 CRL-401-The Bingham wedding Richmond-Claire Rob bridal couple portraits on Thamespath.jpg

...

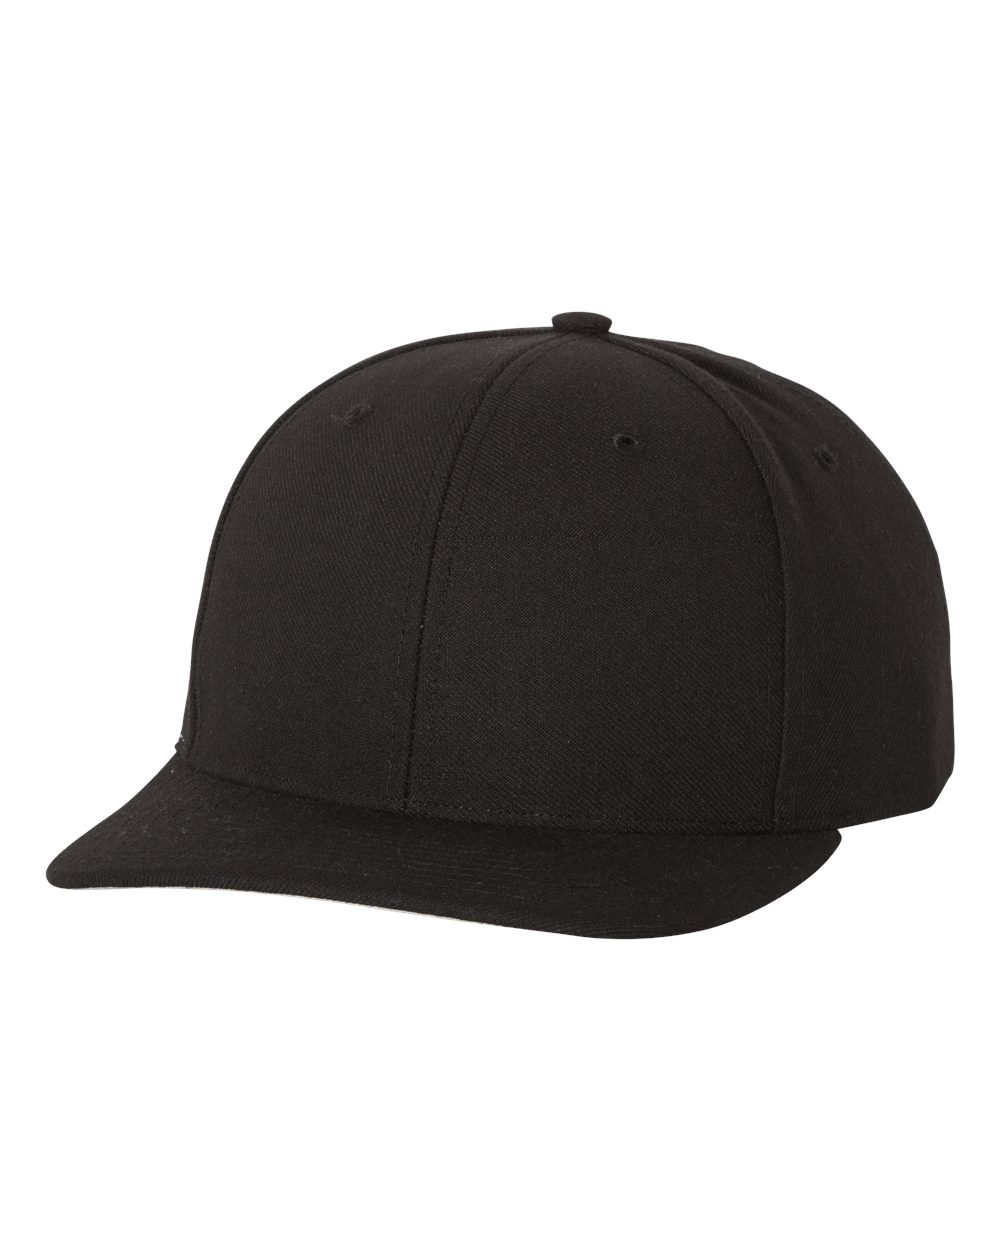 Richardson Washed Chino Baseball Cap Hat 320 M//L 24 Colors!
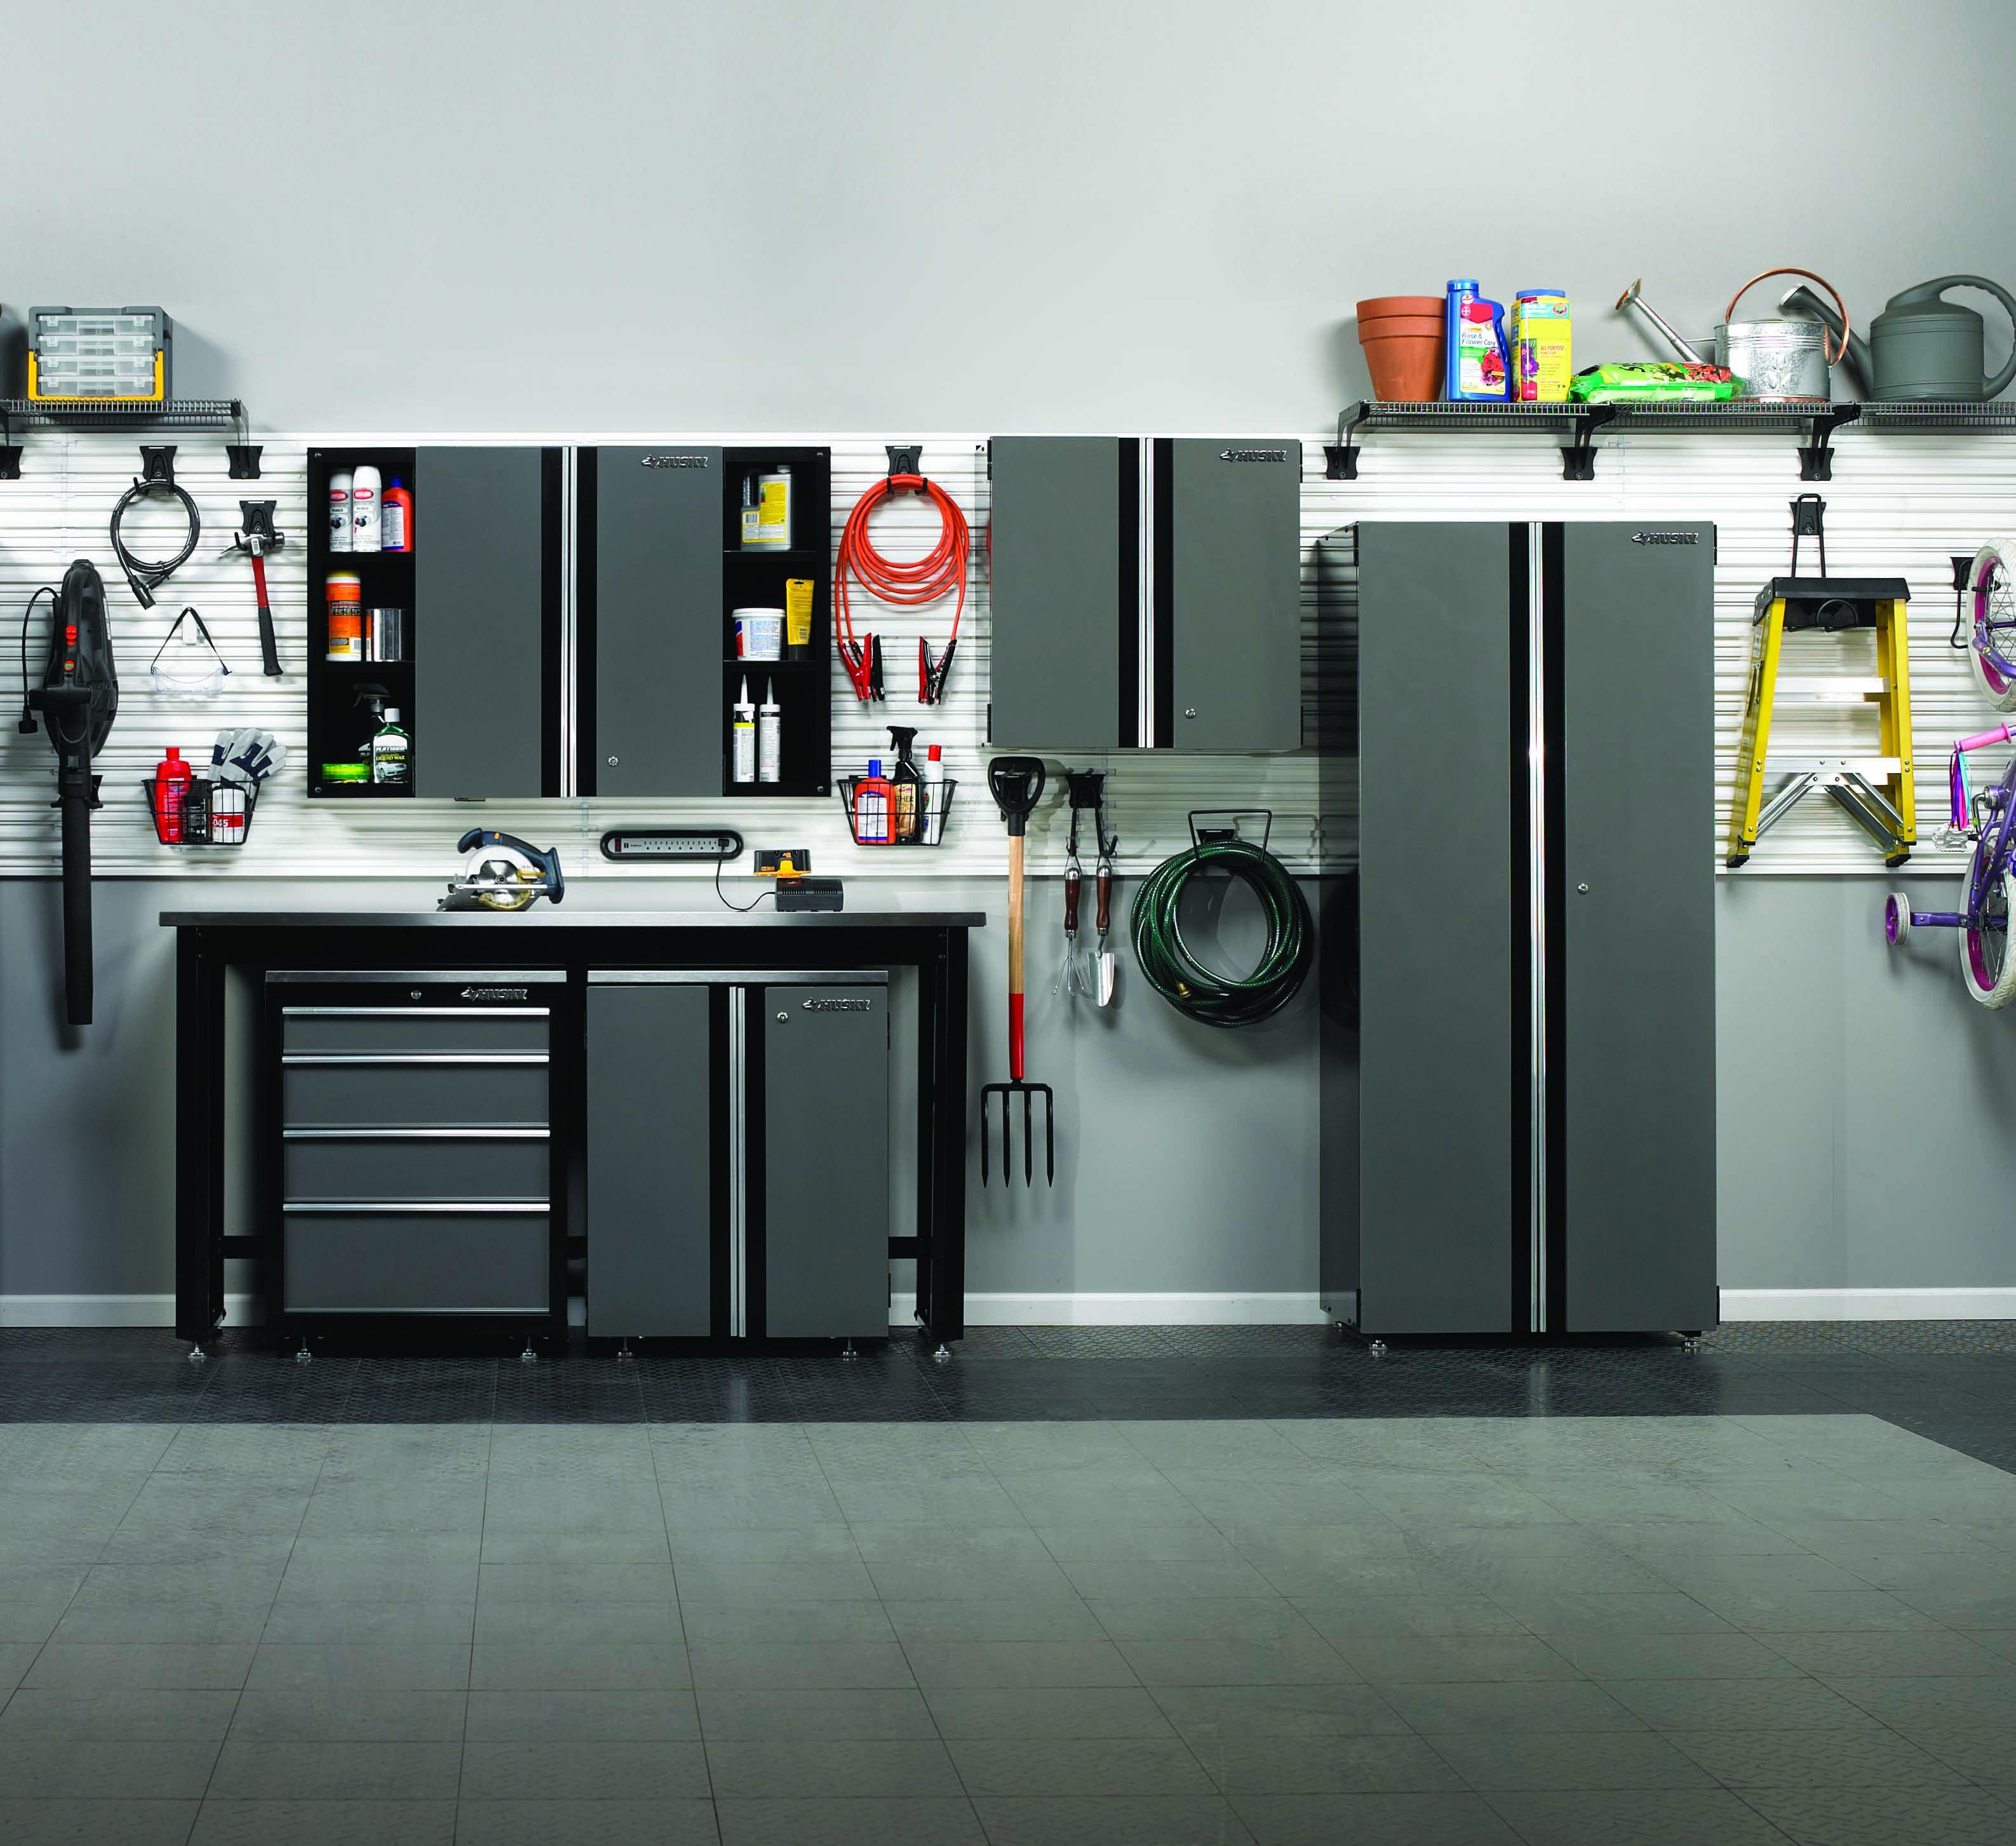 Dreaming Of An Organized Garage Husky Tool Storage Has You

...

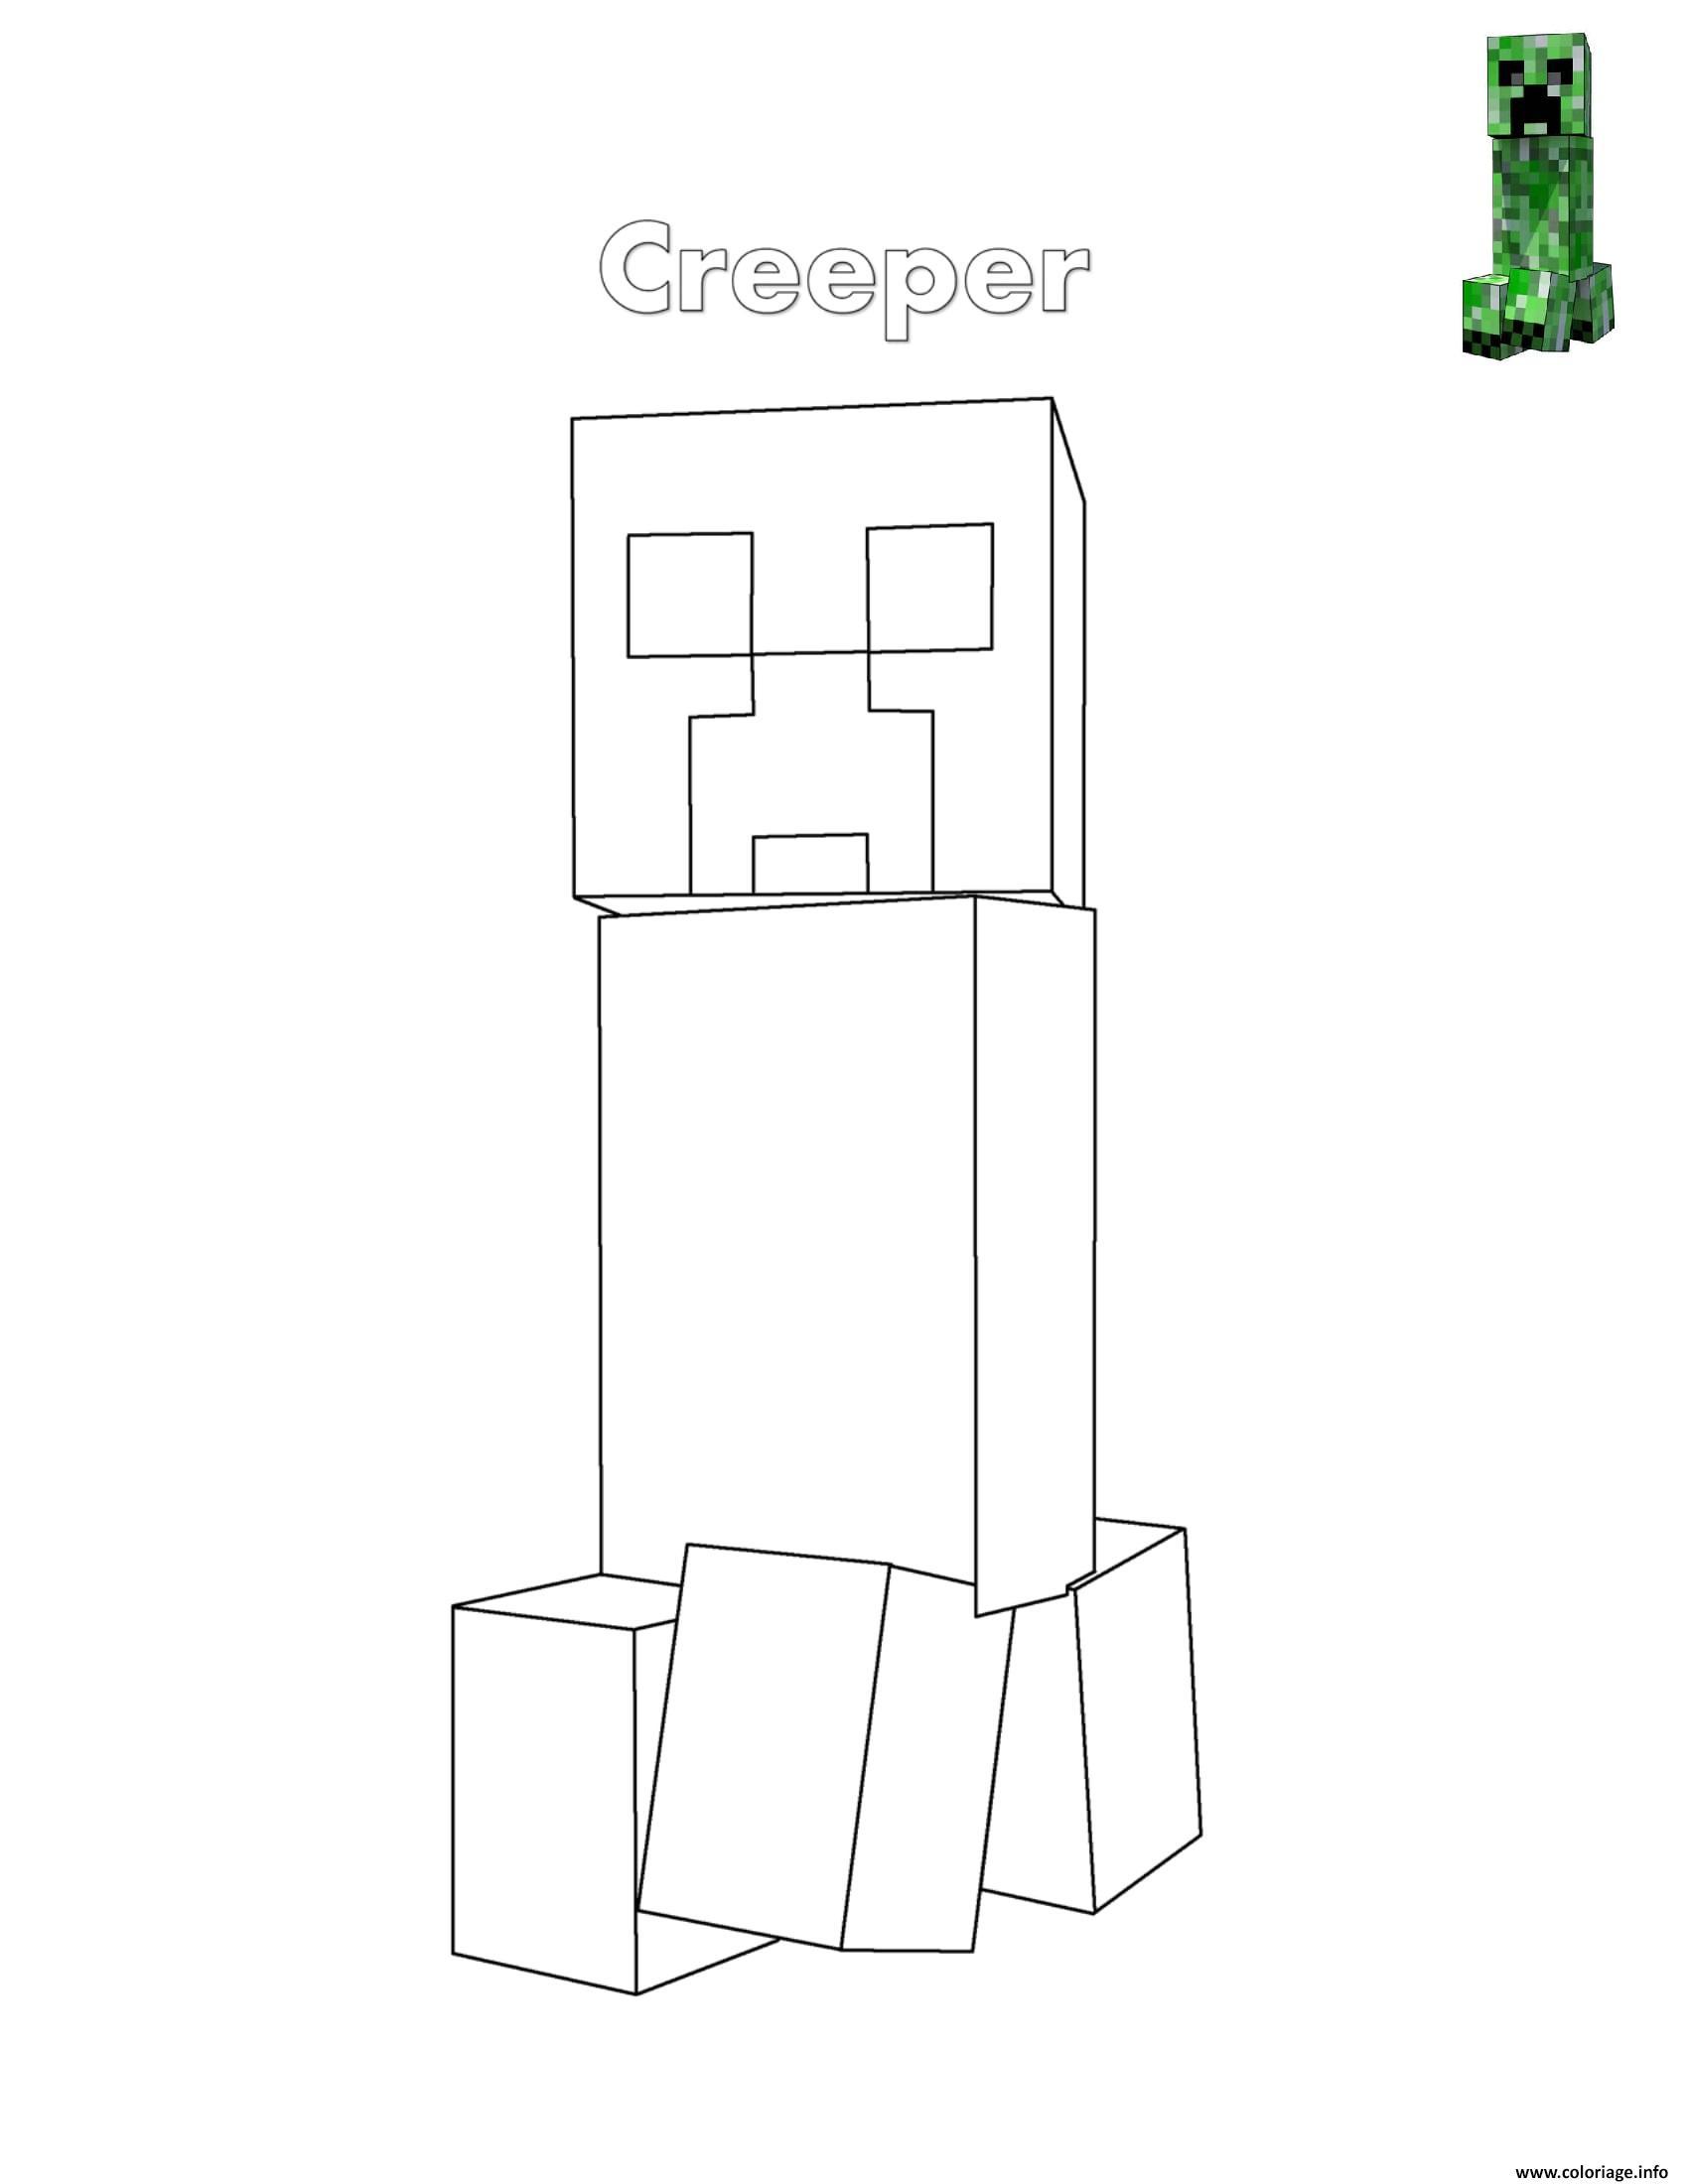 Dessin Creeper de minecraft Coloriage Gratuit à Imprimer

## Task to complete
Pictures do not belong in the answer. Return the lines above starting at the one with "Richardson Washed Chino" and ending at the one with "Dreaming Of An", both kept, exactly.

## Answer for this exercise
 Richardson Washed Chino Baseball Cap Hat 320 M//L 24 Colors!
 Dreaming Of An Organized Garage Husky Tool Storage Has You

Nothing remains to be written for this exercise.